If so, please hear me out briefly before doing that, and if you still want to high-track it out of here after that you are certainly free to.

Let me start by saying that I am a Jew (Orthodox) who believes in God, His Goodness, and Omnipotence, and believe in the infallibility of the Bible. Of course I believe that the Bible to be just the Old Testament, but let’s set that aside for a moment because if you are Christian then you and I have this book in common.

What Are Angels According to Judaism?

Let me as well start with a very basic and simple concept that according to Judaism, angels are a type of being with no free will. In modern terms we can think of them as computer programs each designed to do a very specific function or set of functions. It is imperative that they function according to the task assigned to them, which is why it is also imperative that they have no free will. Contrast this to human beings, who bring out unspeakable damage through the free will that God has granted us.


In other words, let use an example of the angel responsible for, say, rain. Rain is a program necessary for the flourishing of living things on earth. If the angel of rain had the potential to refuse its programming, there would be no rain, or the rain would not fall in its time or according to the rules that God has designed it with.

Technically speaking, the angel known as “Satan,” in Jewish thought, is no different. The only difference between Satan and all other angels is perhaps the scope of his job. His task is the ever-important task of tempting human beings with sin. This task is of utmost importance because the existence of free will rests upon it. Free will is of utmost importance because it is the very method by which human beings move themselves closer or further away from God. Such movement has to be left completely up to the human being doing the moving so that his destiny fully belongs to him, for the better or the worst. Therefore, just as the angel of rain cannot be given the ability to refuse its post, the same must be true of Satan.

Before proceeding let us use a known Jewish parable to explain the role of Satan in God’s Dominion. A king wanted to test the loyalty that his son had to him.
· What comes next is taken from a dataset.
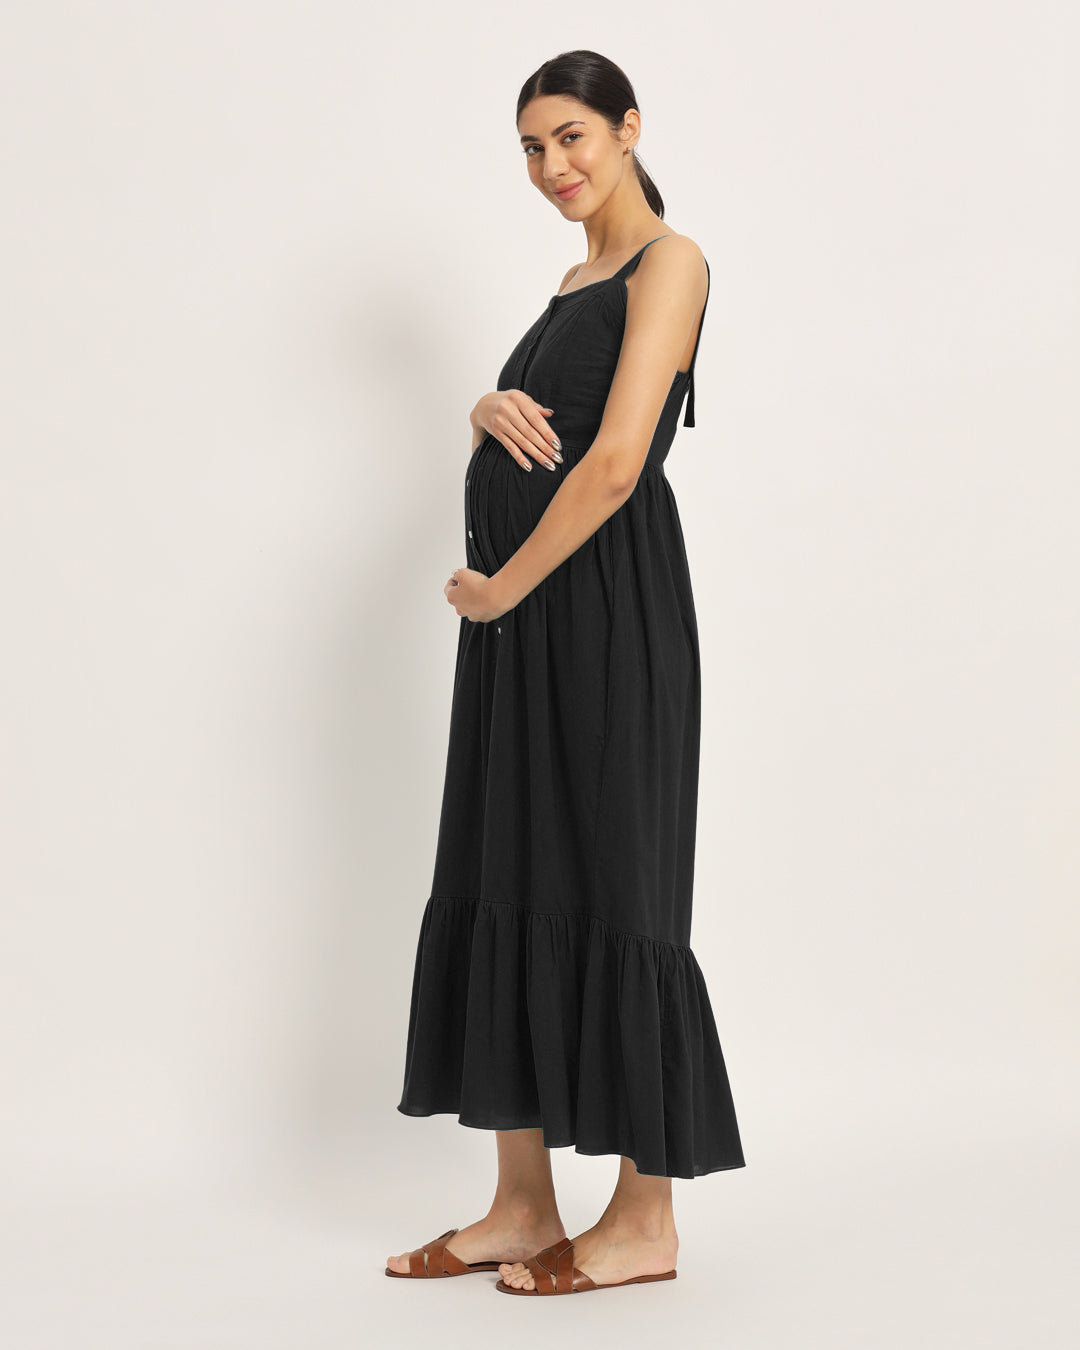 Combo: Black & Sage Green Mama Modish Maternity & Nursing Dress

He sent a prostitute to seduce his son and told her to do the very best that she could to succeed. If she succeeded, he assured her that no harm would come to her because he wanted to test his son’s morality. This is, simply put, the role of Satan.

Biblical Evidence for Satan's Rebellion

Now that we have explained the role of angels and Satan in logical or theological terms, let us look to the Bible for actual evidence regarding this topic.

In the beginning of Genesis we see three main characters (aside from God). We have Adam, Eve, and the Snake (which is an embodiment of Satan). In Chapter 3 of Genesis Adam, Eve, and the Snake each receive a punishment for a particular sin that they committed. The Snake tempted Eve, Eve ate the fruit and gave it to her husband, and her husband ate from it as well. The Snake’s punishment was to crawl on its belly and enmity between itself and human beings. Eve’s punishment was painful childbirth, and Adam’s punishment was needing to toil for a living.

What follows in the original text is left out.